Los que trabajamos por la noche somos seres extraños. Bueno, no es que seamos extraños; la mayoría somos bastante normales. Es más bien nuestro ritmo el que se sale de lo común. Y ya se sabe que, en este mundo, lo que se sale de lo común suele ser sospechoso. Sin ir más lejos, la vecina de enfrente me sigue mirando raro cuando me ve cocinar a la hora a la que la mayoría de los mortales desayuna. Mientras limpia las ventanas de su piso, me va soltando miradas furtivas como diciendo “¿Diez de la mañana y estás batiendo huevos para zamparte una tortilla de patatas? Ocultas algo”. Tengo para mí que, si pudiera, me aplicaría la ley antiterrorista… Claro que tampoco está mal cuando apareces por el gimnasio a eso de las siete de la tarde, look deportivo, toallita y botella de agua en mano, con los ojos de sapo y cara de empanado. Cuando se topan con tu cara de recién levantado, algunos te miran con pena y otros con recelo. Los primeros deben pensar que estás en el paro y que eso te empuja a sobrellevar el día entre la cama y el gimnasio. Los segundos sencillamente están convencidos de que eres un vago.
En fin, son las hipotecas que uno debe pagar por ir a contracorriente. Aunque a mí, personalmente, de todas las rarezas la que más me gusta es la de recogerme cuando la ciudad despierta. Los que salen de sus casas a primera hora de la mañana van a protagonizar el nuevo día. ¿Quién sabe cuántos participarán de las noticias que sucederán esa jornada? Pocos salen a la calle pensando en formar parte de la actualidad, pero algunos lo consiguen sin querer. Algunos encontrarán trabajo, otros lo perderán; tampoco faltarán los que estén cerca del suceso que marcará ese día… Sea como sea, si hay un rasgo común entre los que van, mientras los noctámbulos volvemos, son las prisas. Esa cara seria, ese paso acelerado, ese claxon que suena en cuanto el coche de delante tarde medio segundo en reaccionar al semáforo verde… En esta sociedad del usar y tirar, la ciudad se dispone a usar otro día, a consumirlo y desecharlo hasta la mañana siguiente. Son pocos los que se resisten con una sonrisa a esa pulsión que consiste en ponerse la coraza de puertas hacia fuera.

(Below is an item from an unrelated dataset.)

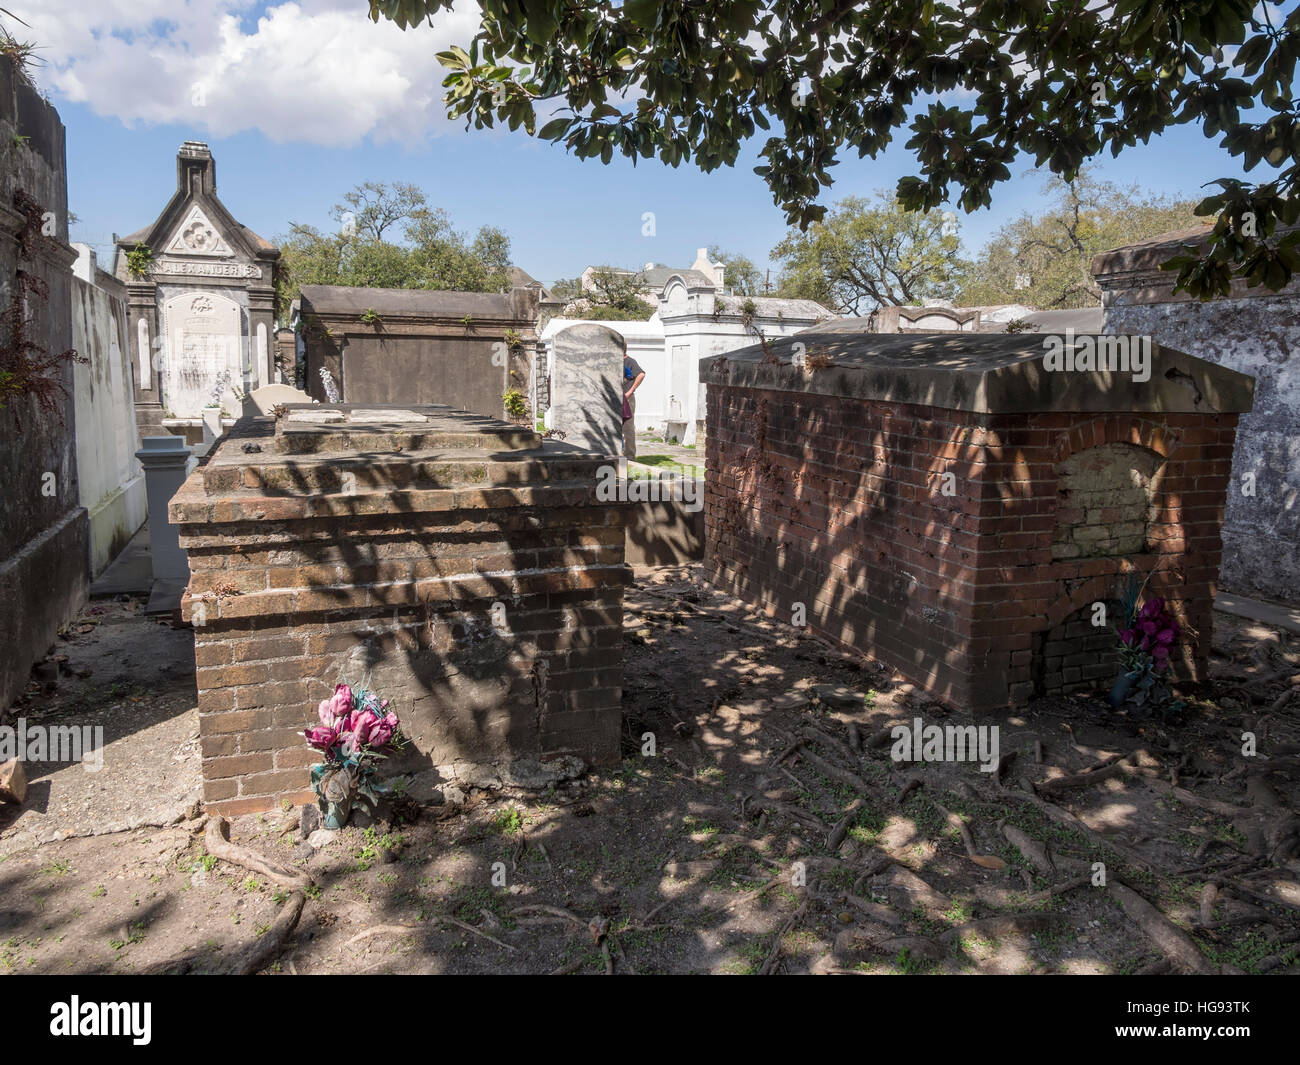 Lafayette Cemetery No. 1, Garden District, New Orleans Stock Photo

Vivimos muy deprisa y tenemos poco tiempo para digerir lo que pasa a nuestro alrededor. Ya ha comenzado una nueva semana y la tragedia de Lampedusa, por la que tanto nos rasgamos las vestiduras durante unas horas, parece ya muy lejana. Pero es que la velocidad de vértigo aleja de nuestra memoria algo que sucedió hace tan sólo tres días. El pasado viernes llegó a la redacción una noticia que nos dejó llamativamente tocados. María de Villota había muerto de forma repentina en un hotel de Sevilla.
Nos dejó tocados porque María era especial. María hizo lo que muchos serían incapaces de hacer: sonreír y quedarse con el lado bueno de haber visto como la rampa trasera de un camión le golpeaba el cráneo como una cuchilla que se llevó por delante un ojo y su pasión por la Fórmula Uno. Las carreras eran su vida pero ella no dejó que su vida se acabara allí. María se propuso ser feliz, por sus bemoles, con parche o sin él. El año y medio que la vida le dio de prórroga fue suficiente para que irradiara más vida, con un solo ojo, de la que jamás podrá irradiar con la mirada muchísima gente a la que las circunstancias nunca pondrán en semejante tesitura. Duele pensar que, al final, alguien así se haya ido. Duele porque María era una mina. María era el testimonio de que la vida, a veces, puede parecer una mierda. Una mierda tan breve, tan frágil, que, precisamente por eso, acaba siendo maravillosa. Es tan maravillosa que no se puede desperdiciar ni un solo día sin ser feliz, sin decir te quiero a los tuyos, sin dar lo mejor de nosotros mismos en nuestro trabajo, en nuestros quehaceres cotidianos…
Uno vuelve a casa después de una noche de radio y se cruza con los que afrontan una nueva jornada con la coraza a cuestas. Es en ese momento cuando te asalta la duda de si vivimos demasiado deprisa como para interiorizar las grandes lecciones que nos dan personajes como María de Villota. Consumimos y desechamos con una facilidad que espanta, pero afortunadamente todavía tenemos el papel y la tinta. Los libros nos invitan a pararnos en el arcén para a reflexionar y mirar a nuestro alrededor. María tenía previsto presentar hoy un libro que debería ser de lectura obligatoria en los colegios. Se titula La vida es un regalo. Ha salido ya a la venta y echarle un vistazo es una de las mejores inversiones que podemos hacer en este mundo de locos.